そして、本件商標は、マーシャル・ペット・プロダクツの著名な略称を含むものであるが、本件商標の商標権者は本件商標を登録することについて、マーシャル・ペット・プロダクツの同意を得ていない。
したがって、本件商標は、商標法第4条第1項第8号に該当するものである。
(3)商標法第4条第1項第7号について
被請求人は、米国及び我が国においてマーシャル・ペット・プロダクツ又はビジネス ベンチャーズ ジャパンが「マーシャル商標」を商標として使用していることを知りつつ、ビジネス ベンチャーズ ジャパンと直接取引を行うことを止め、米国のマーシャル・ペット・プロダクツ商品の取扱業者から直接日本への商品の輸入を行う、いわゆる並行輸入を考えると同時に、マーシャル・ペット・プロダクツ又はビジネス ベンチャーズ ジャパンのいずれもが「マーシャル商標」の出願及び登録をしていないことを奇貨として、これらの者に無断で本件商標の登録を取得した。このような被請求人の行為によって、日本における唯一のディストリビューターであるビジネス ベンチャーズ ジャパンはマーシャル・ペット・プロダクツのフェレット及びフェレット関連商品の輸入・販売等を行うことを妨げられ、ひいてはマーシャル・ペット・プロダクツの商品を日本において輸入・販売することができなくなるおそれが非常に大きい。

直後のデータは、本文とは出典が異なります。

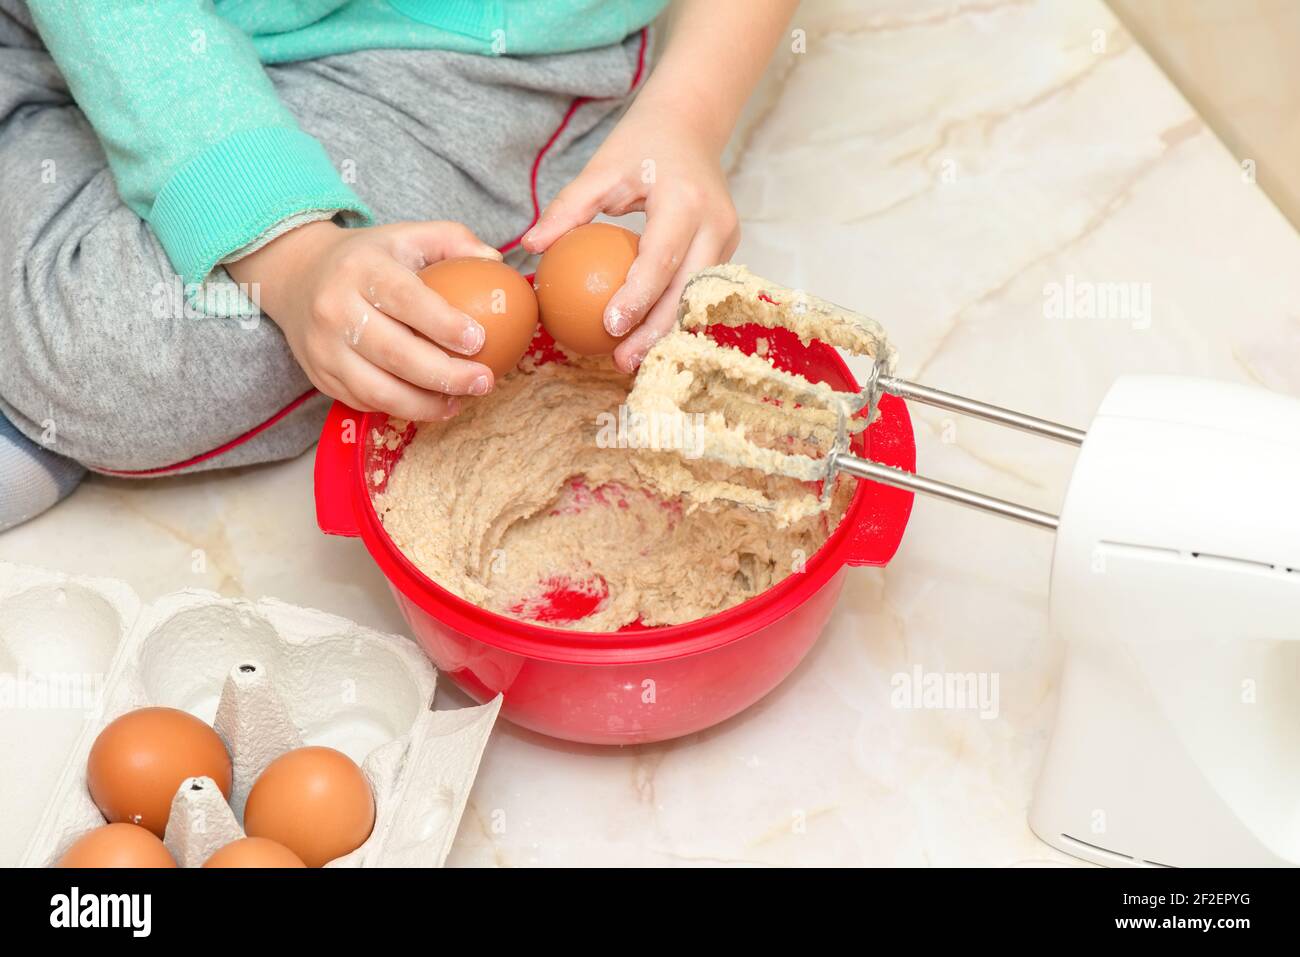 Child prepares dessert in the kitchen, detail Stock Photo

また、フェレット関連雑誌に掲載された被請求人の広告においても、被請求人がビジネス ベンチャーズ ジャパンやマーシャル・ペット・プロダクツと直接取引を行っていた時、即ち、マーシャル・ペット・プロダクツの商品を取扱っていることを明記して自社の広告を行っていたにもかかわらず(甲第50号証の3、甲第52号証の3及び甲第55号証の3)、本件商標の登録出願後には他社の商品を取り扱っていることを明記して自社の広告を行っており(甲第58号証の3、甲第59号証の3及び甲第60号証の3)、明らかに本件商標を使用する目的で取得したものではなく、マーシャル・ペット・プロダクツ及びビジネスベンチャーズ ジャパンの商品を日本で販売することを妨害するために取得したものであるから、本件商標は、公の秩序又は善良の風俗を害するおそれがある商標である。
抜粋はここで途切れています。